En un juego perverso los muchachos lo tiraban al río, y él, a punto de ahogarse, regresaba cada vez más fuerte y vehemente. Al verlos, la alemana, una pelirroja irascible y mal hablada, les arengaba en su lengua. Una vez terminado el taller de teatro que ella dictó a los jóvenes del pueblo, estos le regalaron el gato.
-Es del color de la noche-, dijo ella, cuando le advirtieron de los agüeros en torno a su pelo negro, como debe ser un gato de vida noctámbula que se mueve entre el peligro y las tinieblas. Es elegante, preciso en sus movimientos, perfecto; derrocha ternura, gracia e indolencia, como todos los dioses; no en vano sus atributos fueron venerados en el antiguo Egipto, donde era considerado sagrado y gozaba de aprecio singular. A su muerte, la familia entraba en una profunda tristeza y se afeitaba las cejas en señal de duelo.

“Lo he sorprendido calculando la frecuencia de otros pájaros hacia un punto del follaje”.

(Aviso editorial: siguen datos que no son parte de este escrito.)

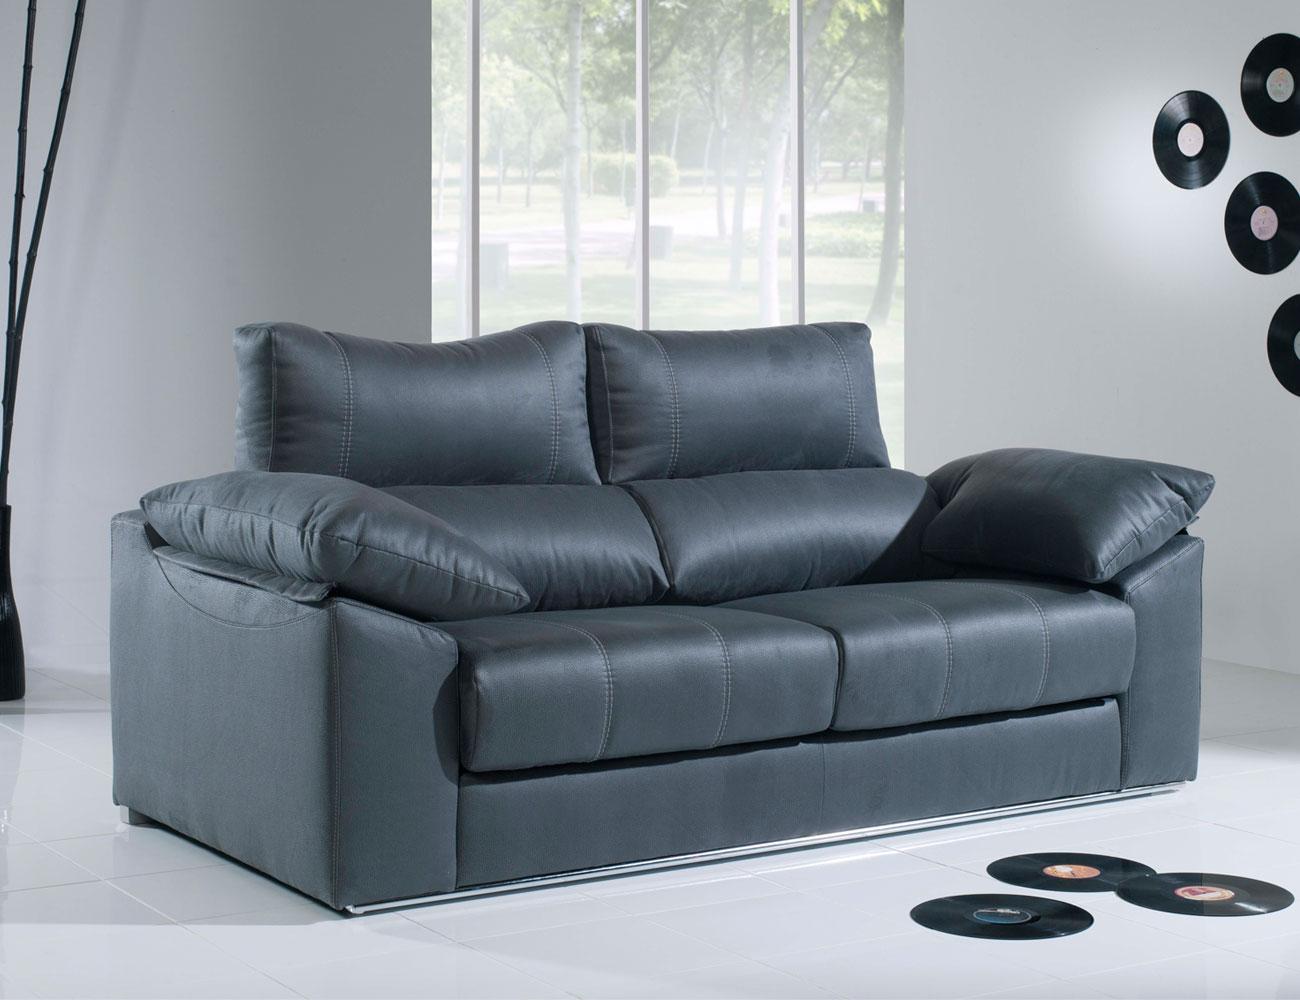 Sofa 3 plazas moderno con barra28

La alemana lo trajo a Medellín, lo llamó Rebeldía. Luego de una azarosa vida urbana, le aconsejaron castrarlo, debido a los escándalos con las gatas vecinas sobre los tejados. Pero su rebeldía no estaba en sus testículos, sino en su espíritu. Con ella fue feliz, pero encontró que ser gato negro, efectivamente, no era un buen augurio. Pronto debía emigrar de nuevo. Terminado el convenio cultural, la alemana tuvo que regresar a su tierra natal y, como en “El gato con botas”, a su partida lo heredamos, sin molino y sin burro, pero con un perro casi sordo y ciego que murió al poco tiempo. De niño yo pensaba que las personas que tenían gatos eran prejuiciosas, temían a la oscuridad y ocultaban algo, quizá por eso no lo quería, y él lo sabía. Evocando los tiempos de su infancia salvaje, apenas llegó a nuestra casa se internó en el monte, donde no cazó conejos y perdices para llevarle al rey, porque tal vez en su cuento yo era el ogro malvado

Vivió entonces un retiro de anacoreta en un abandonado solar vecino durante más de un mes, persiguiendo mariposas nocturnas, comiendo lagartijas, ratas y grillos, ocultándose de nuestra persistente búsqueda.
Una noche de invierno apareció tiritando en las ramas de un mango; maullaba desconsolado, parecía asustado. Desde allí tenía acceso a nuestro cuarto a través de la ventana; quizá desde las sombras nos estuviera espiando todo ese tiempo para saber si éramos dignos de su compañía, de su protección. Le pusimos comederos en distintos puntos. A cambio, por las noches nos traía una o dos ratas que dejaba subrepticiamente sobre la cama. Con los días se mudó a vivir al sótano de la casa y luego al cuarto. Cuando sobre el yarumo, las guacharacas y los azulejos anunciaban los destellos del amanecer, Rebeldía salía a patrullar los alrededores; tomó posesión del territorio, desterró tórtolas y torcaces, y con sus plumas adornó la cama en que dormía. Los gatólogos suelen decir que son ofrendas de agradecimiento, pero he rescatado algunos plumíferos de sus garras y pude ver en su mirada que no le hacía gracia. Él quería clavar sus uñas filudas en su piel, como tantas veces lo hizo en las manos de los muchachos que lo tiraban al río.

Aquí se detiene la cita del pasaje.